Work to be completed:
All lines from the one holding "Harbor of old Adriatic island town Hvar" to the end of the listing are to be output exactly, both ends included, with any pictures left out.

Source material:
==================================================
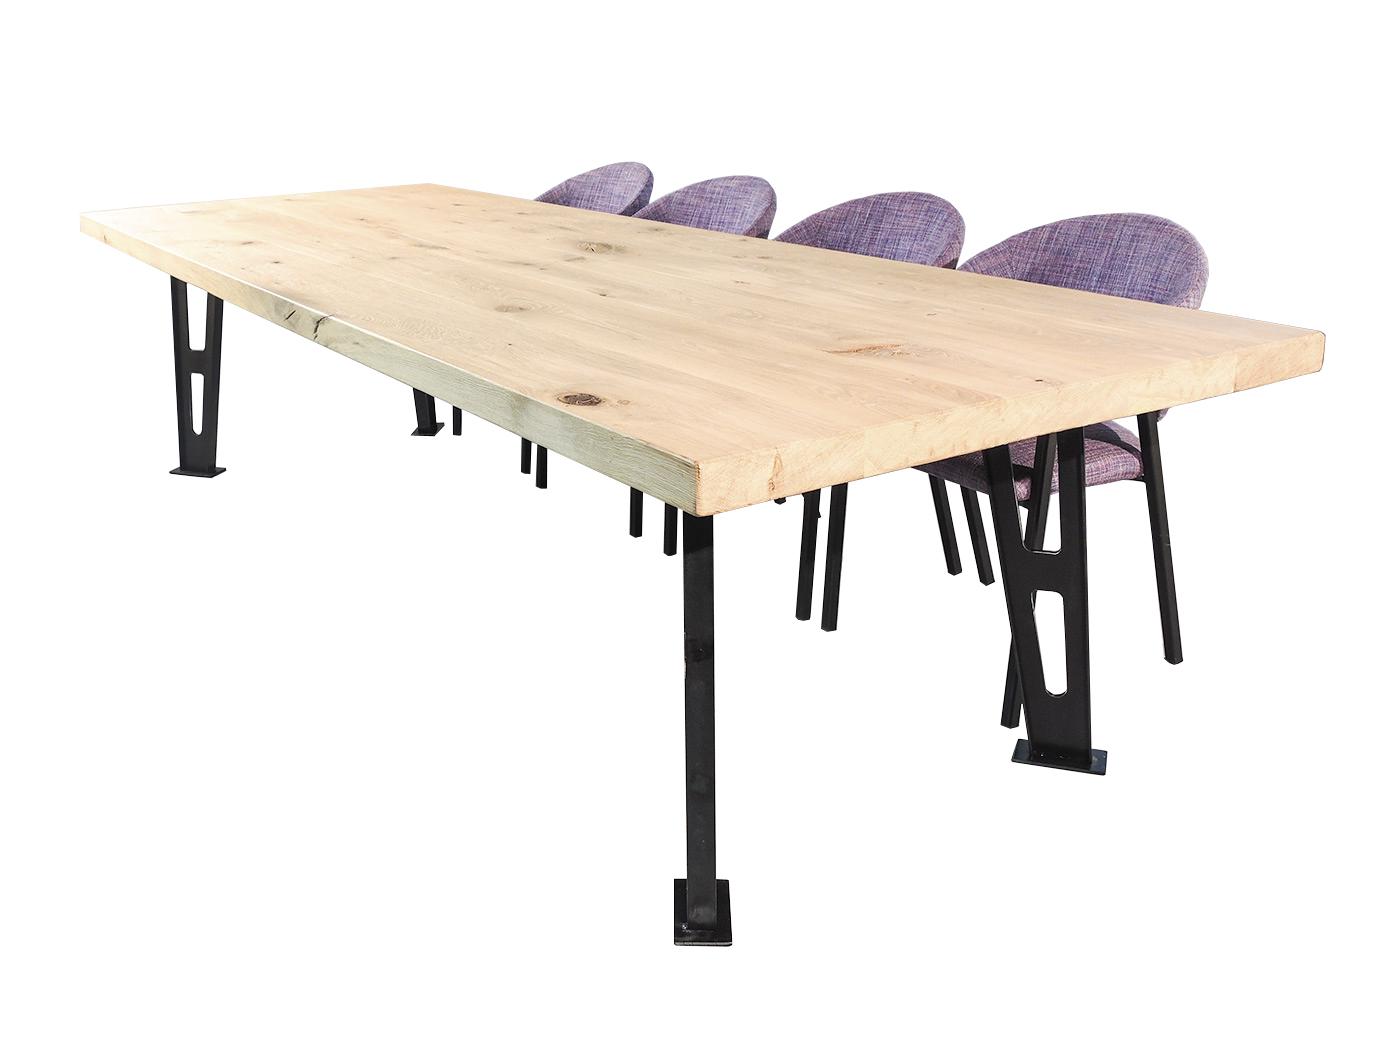 Hudson - Eettafel 10 personen
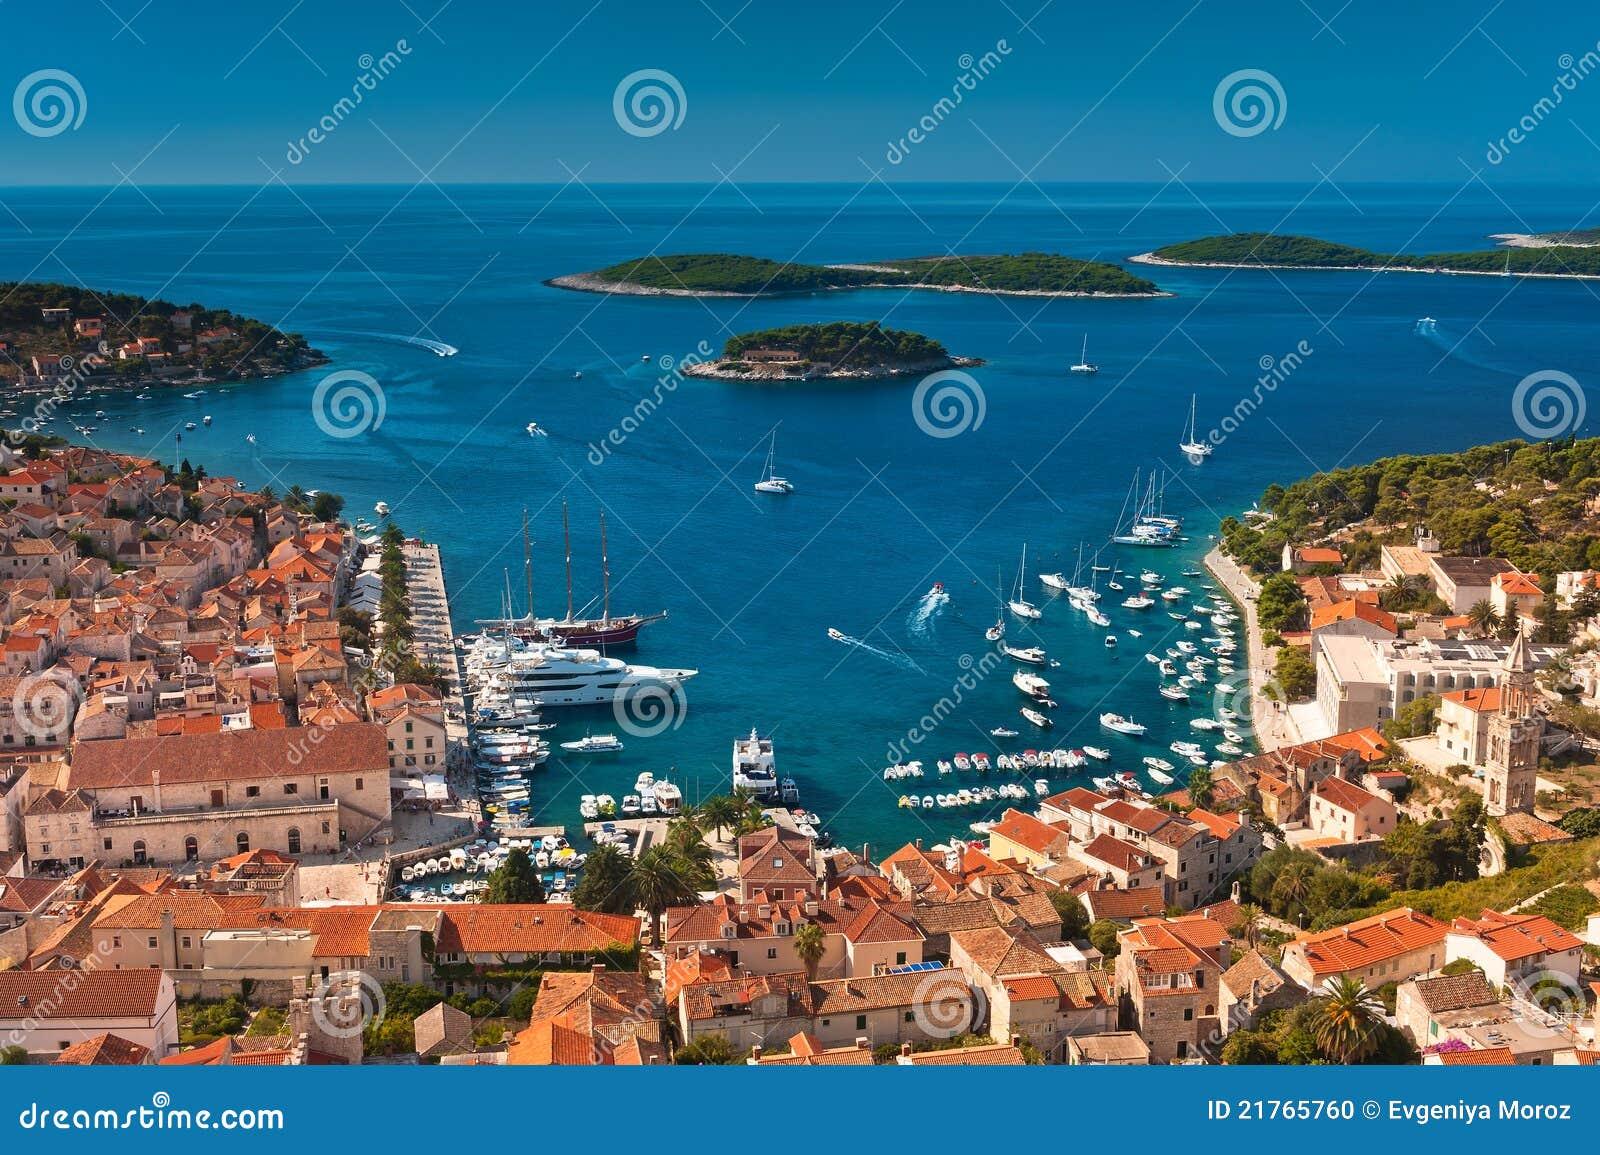 Harbor of old Adriatic island town Hvar
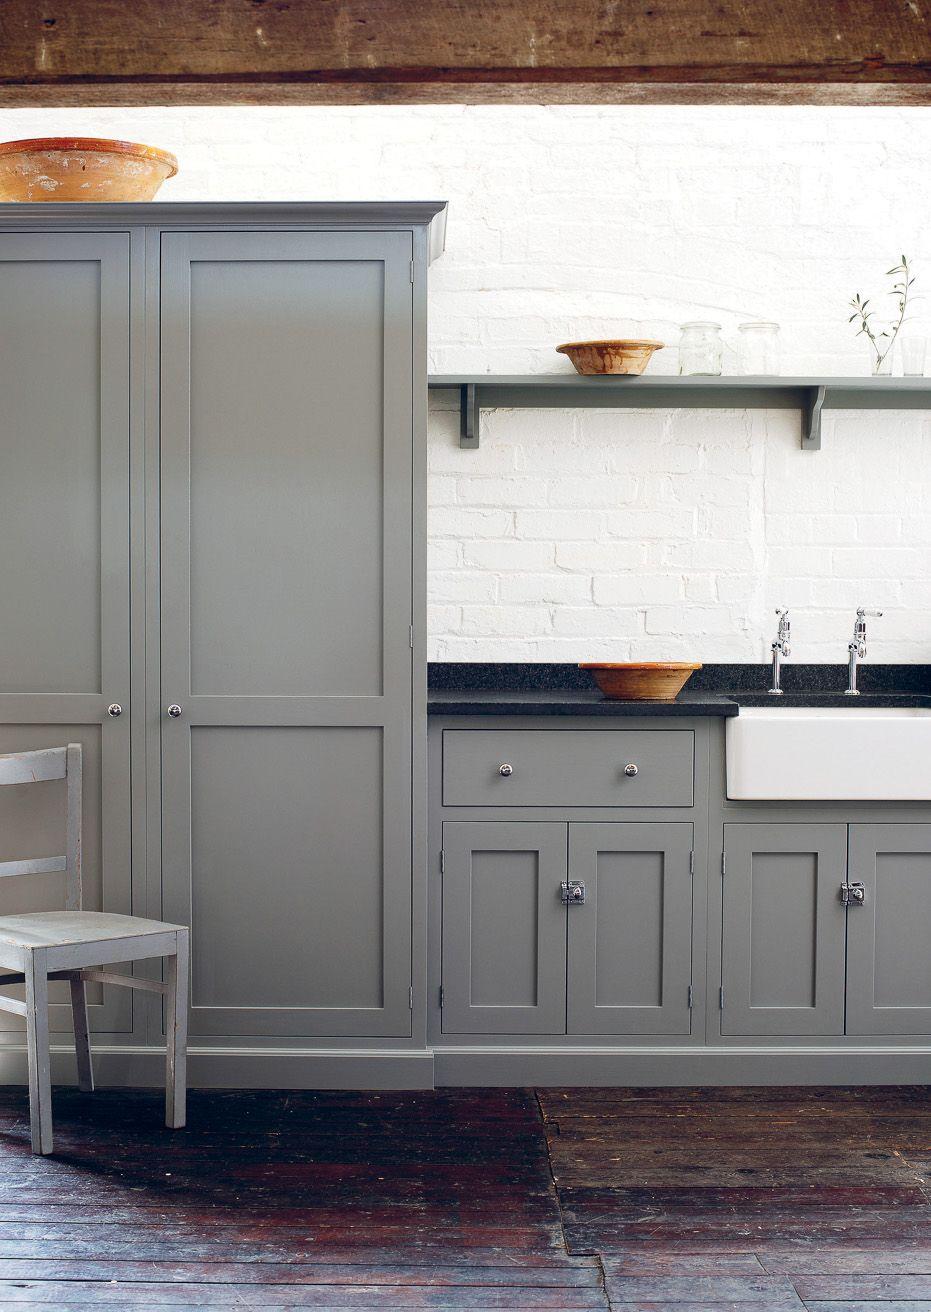 shaker brochure devol kitchens and interiors keitti pinterest k chen inspiration k che. Black Bedroom Furniture Sets. Home Design Ideas
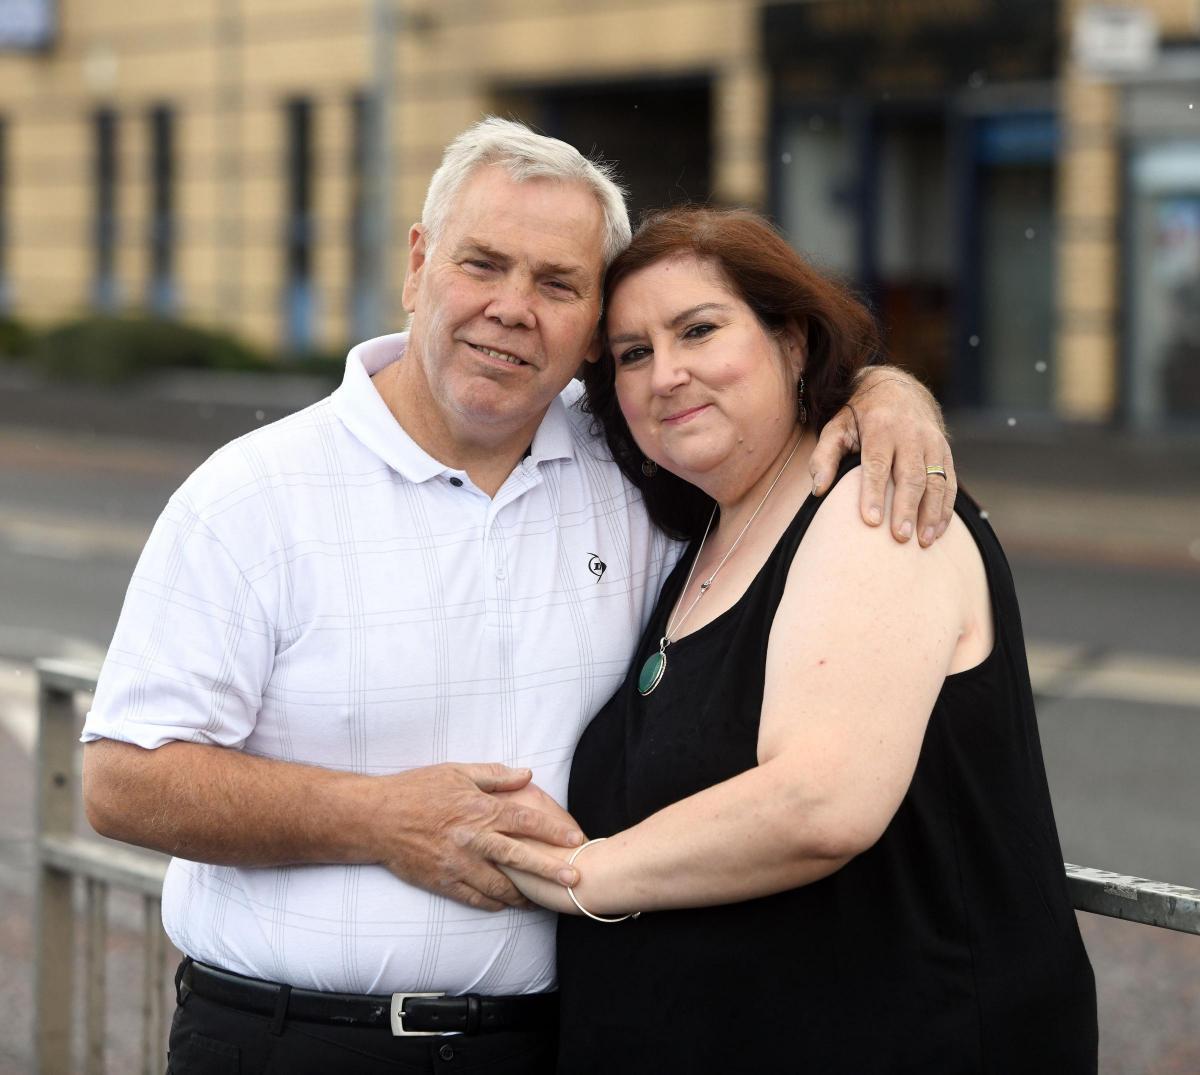 Glasgow Couple Dodged Wedding Reception For Citizens Theatre
==================================================
Response to the exercise:
 Harbor of old Adriatic island town Hvar
 shaker brochure devol kitchens and interiors keitti pinterest k chen inspiration k che. Black Bedroom Furniture Sets. Home Design Ideas
 Glasgow Couple Dodged Wedding Reception For Citizens Theatre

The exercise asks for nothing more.